I got a second-hand steering rack from B & S parts in Duleek for my Opel Corsa and it was only about 150 euro compared to a new one. Got it fitted in Wards garage in Ashbourne Ind Est for a reasonably price. Passed NCT once it was fitted and the difference driving after it.


----------



## oopsbuddy (12 Jan 2007)

Mileage about 90k (was 85 when I got it), but its a diesel, and no issues with the engine. I believe it was looked after well and everything else is fine. I also bought it privately, so no warranty, but had it checked out by an experienced and knowledgeable Mondeo owner (but not a mechanic) and all appeared well. I'm not griping about being done, ...s**t sometimes happens, but I just wondered if there were other similar experiences out there re Mondeos that might throw light on the likely cause. I just visited my local Ford dealer and they will take it in for a look next week, but they advised that there were no regular issues with Mondeos steering, and would be reluctant to put in a new rack unless absolutely necessary. Some reassurance at least that they don't want to do unnecessary work on it either! Thanks all!


----------



## comanche (12 Jan 2007)

oopsbuddy said:


> Mileage about 90k (was 85 when I got it), but its a diesel, and no issues with the engine. I believe it was looked after well and everything else is fine. I also bought it privately, so no warranty, but had it checked out by an experienced and knowledgeable Mondeo owner (but not a mechanic) and all appeared well. I'm not griping about being done, ...s**t sometimes happens, but I just wondered if there were other similar experiences out there re Mondeos that might throw light on the likely cause. I just visited my local Ford dealer and they will take it in for a look next week, but they advised that there were no regular issues with Mondeos steering, and would be reluctant to put in a new rack unless absolutely necessary. Some reassurance at least that they don't want to do unnecessary work on it either! Thanks all!

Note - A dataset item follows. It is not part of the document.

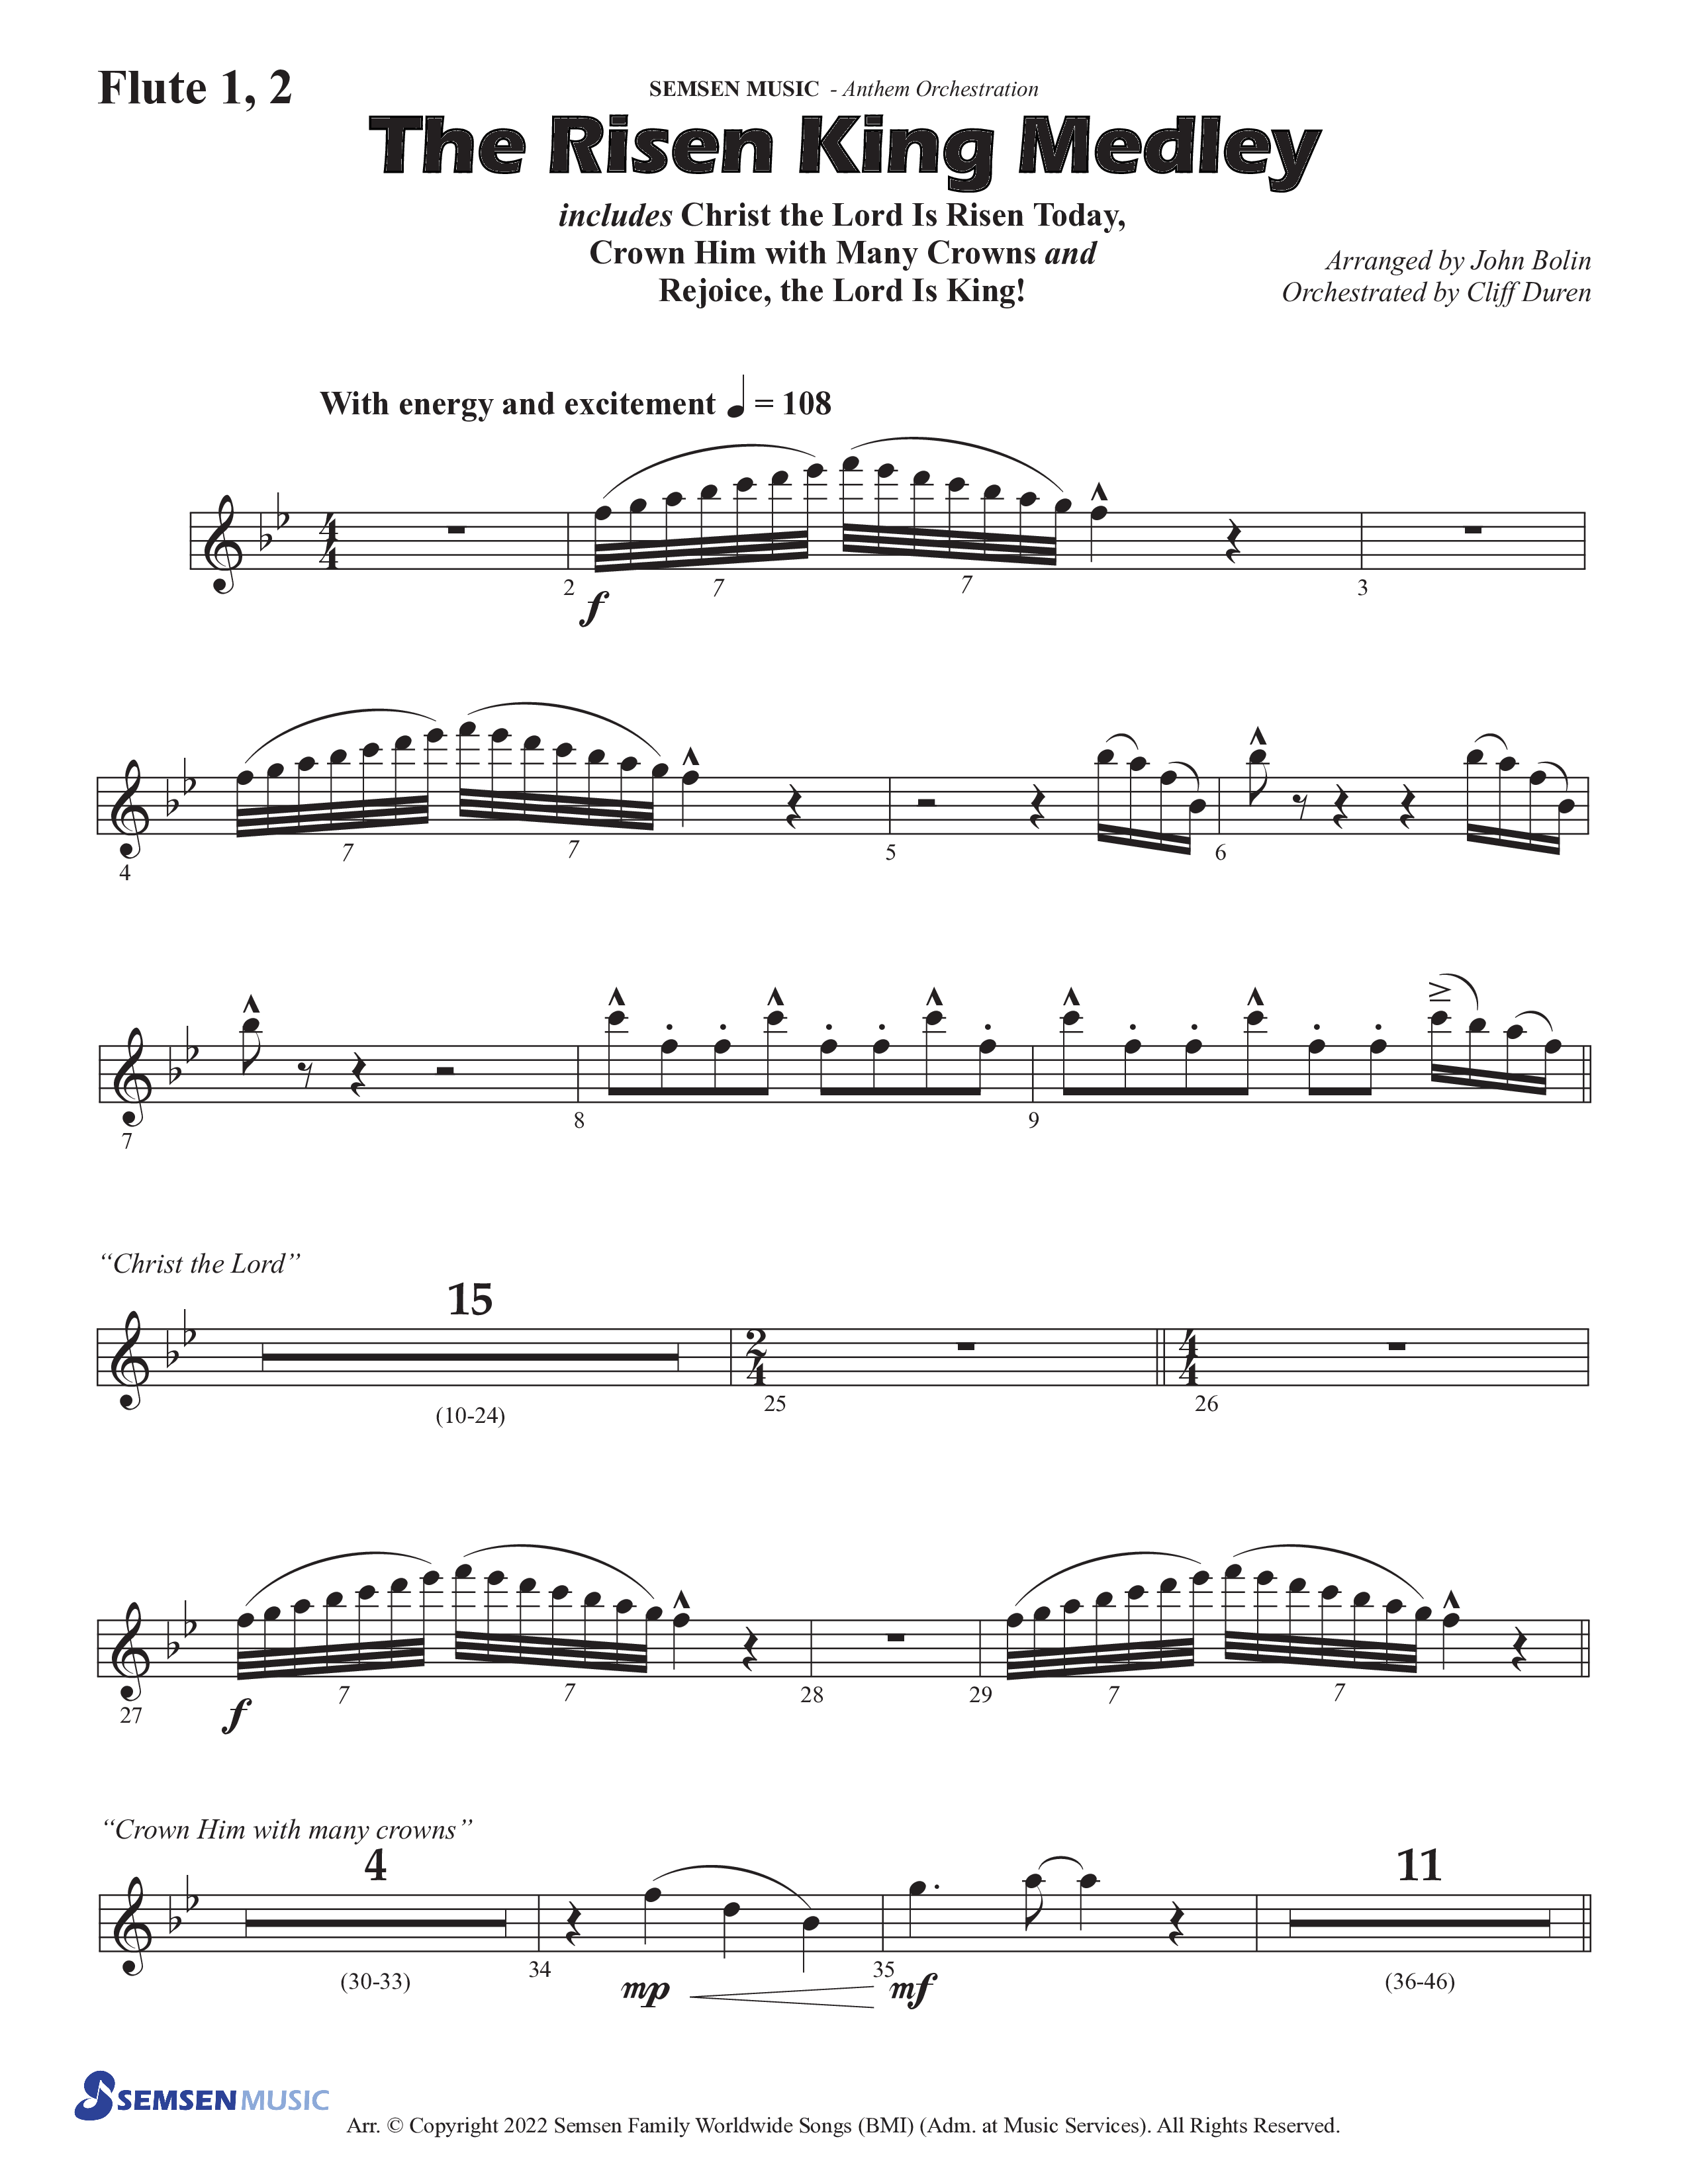 The Risen King Medley (Choral Anthem SATB) Flute 1/2 (Semsen Music / Arr. John Bolin / Orch. Cliff Duren)

perhaps its worth getting the car completly checked out before doing anywork and well if its got other major issues, then a trade-in could be the order of the day!?


----------



## oopsbuddy (12 Jan 2007)

It has now been completely and thoroughly checked, and apart from this problem, all appears fine. The car itself is fine, its huge (an estate), is very comfortable, and has lots of poke (130bhp) and will satisfy all my car needs for some time to come. Being a Ford, it also depreciates quickly so you can get a lot of car for your buck...if you can keep it longterm, so I'm happy to keep it (as long as this problem can be fixed - and I couldn't flog it anyway as it is!) Thanks for yer reply.


----------



## RS2K (12 Jan 2007)

I reckon get it fixed and all will be well again. Expect no assistance from Ford - it's outside warranty. Uk has a 3 year warranty btw (I assume it was imported).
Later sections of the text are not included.